Use level grease at a soaring heat.
Here's a traditional Singaporean recipe, for Curry Puffs :
CURRY PUFFS
INGREDIENTS
Fillings :
500g potatoes
30g green peas
30g red carrot
2 tbsp curry powder
1 onion
1 teaspoon brackish
3 dsp hurricane lantern soya sauce
150g chicken meat
Skins :
Outer Skin
200g flour
100g corn grease
Inner Skin
500g flour
50g sugar
180g grease
160ml wet
Method
Filling :
1) Cut the potatoes, carrot, onion and chicked meat into pieces.

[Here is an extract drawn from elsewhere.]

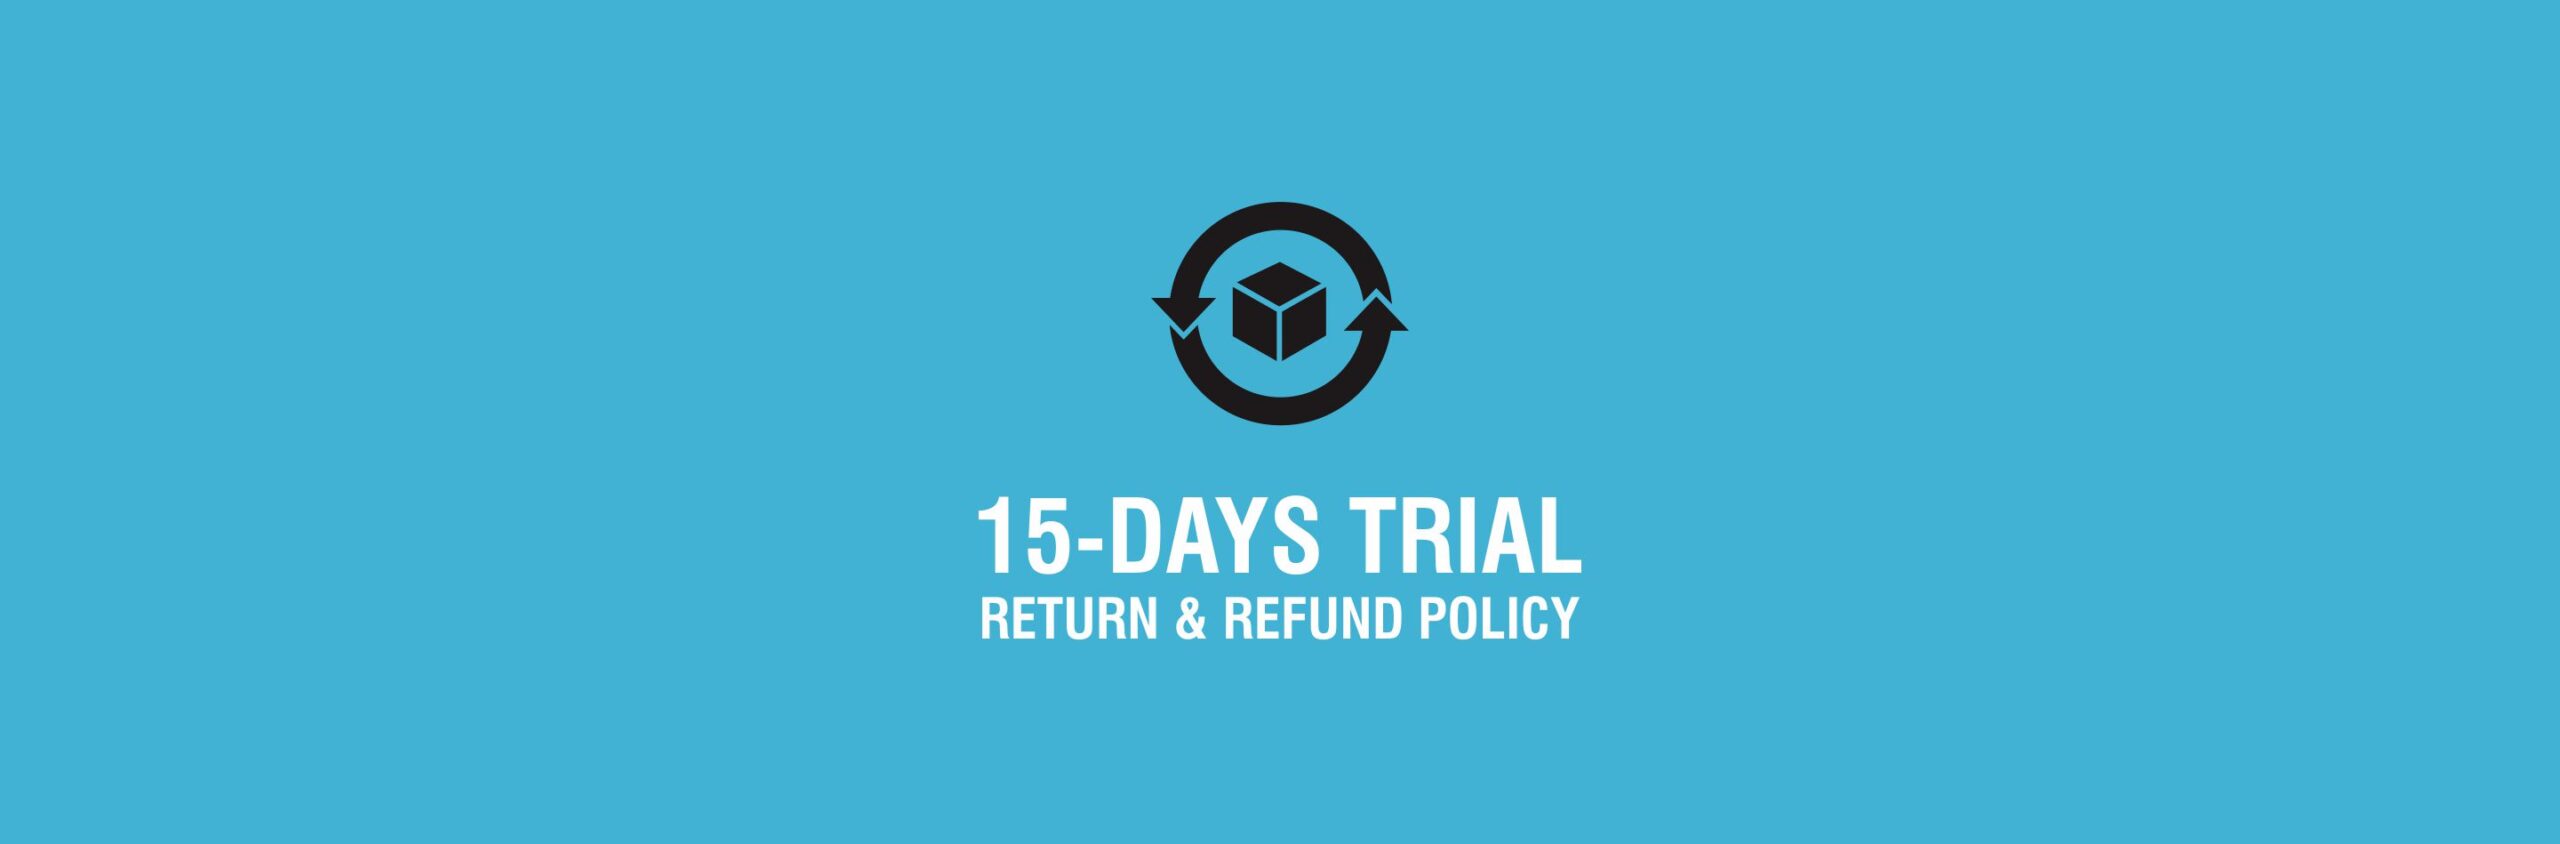 GlassOuse 15-Days Trial - Return & Refund Policy

2) Heat some grease within a wok and fry the potatoes. Remove the potatoes and grease from the wok.
3) Place another few tbspoons of grease into the wok and fry the chicken meat, next to the onions, carrot and green peas.
4) Next include the potatoes put money on into the wok and include within the rest of the seasonings. Then vacate aside.
Outer Skin :
1) Mix the flour and grease together and form a dough. Cut into equal pieces.
Inner Skin
1) Mix adjectives the ingredients together to form a dough and cut into equal pieces.
Procedure :
1) Roll one piece of outer skin and one piece of inner skin into a circle separately than dough them together. Flatten it and place a portion of the padding into the focus.
2) Fold the dough to form a partly circle and pleat the edges.
3) Deep fry the puffs until golden brown.
Serve hot,next to sliced tomato and onion rings.